Notwithstanding Hlophe's decision to deny leave to appeal, the Supreme Court of Appeal handed down its own unanimous judgment three weeks later. The Supreme Court, quite contrary to the High Court, not only granted leave to appeal but also upheld the appeal, overturning the High Court's judgment. Judge of Appeal Louis Harms was highly critical of Hlophe's conduct, but, when asked about Harms's remarks, Hlophe told the Star, "To be frank, I couldn't care less."

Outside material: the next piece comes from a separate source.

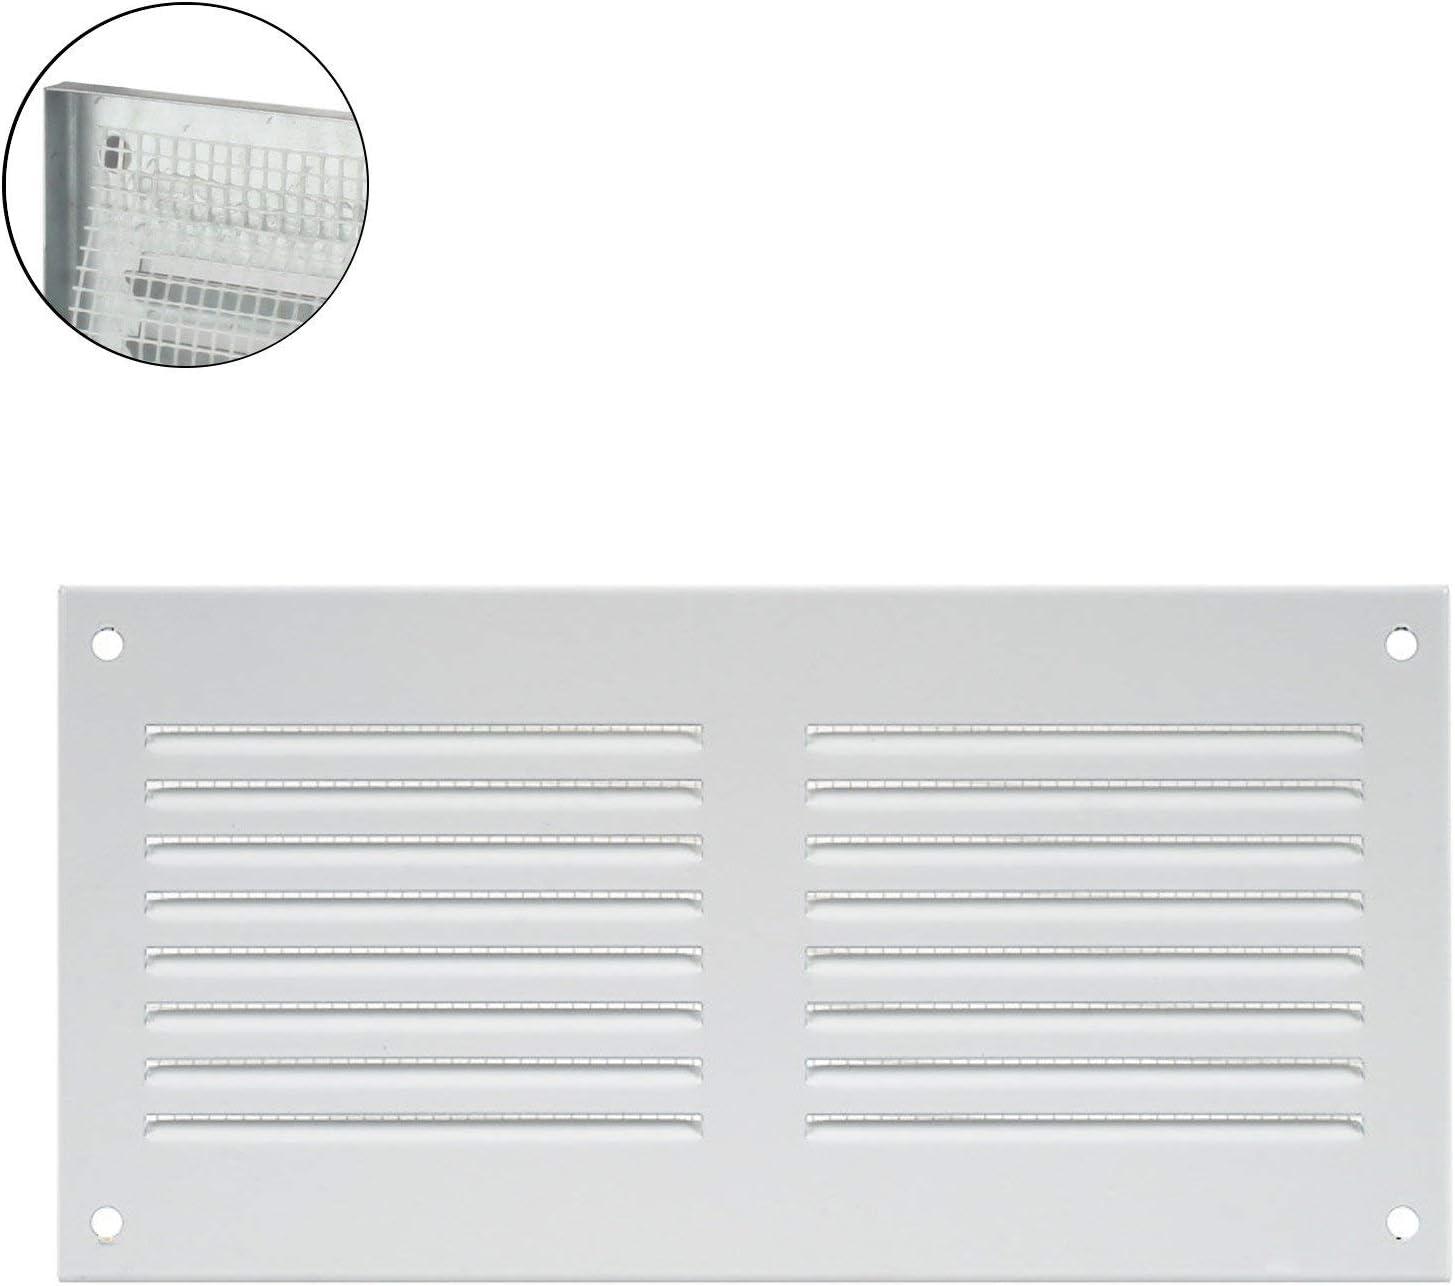 150/x 60/mm pour la salle de bain et la cuisine Lot de 2grilles de ventilation/de porte en plastique ASA de qualit/é sup/érieure blanc

''Thubelisha Homes v Various Occupants''
In March 2008, Hlophe handed down judgment in Thubelisha Homes v Various Occupants, in which he controversially awarded the state an eviction order to remove thousands of residents of Joe Slovo from the site of the N2 Gateway Project. The judgment was criticised by the Western Cape Anti-Eviction Campaign; by Pierre de Vos, who called it "completely devoid of compassion and also legally misguided"; and by other commentators who questioned its interpretation of the doctrine of legitimate expectations.When the Constitutional Court heard the matter on appeal, Justice Kate O'Regan said that Hlophe's order "really bothers me" insofar as it failed to provide for the relocation of the evicted residents. This concern ultimately led the court to overturn Hlophe's judgment in part: in Residents of Joe Slovo Community v Thubelisha Homes, the Constitutional Court sanctioned the eviction but imposed certain conditions on the state.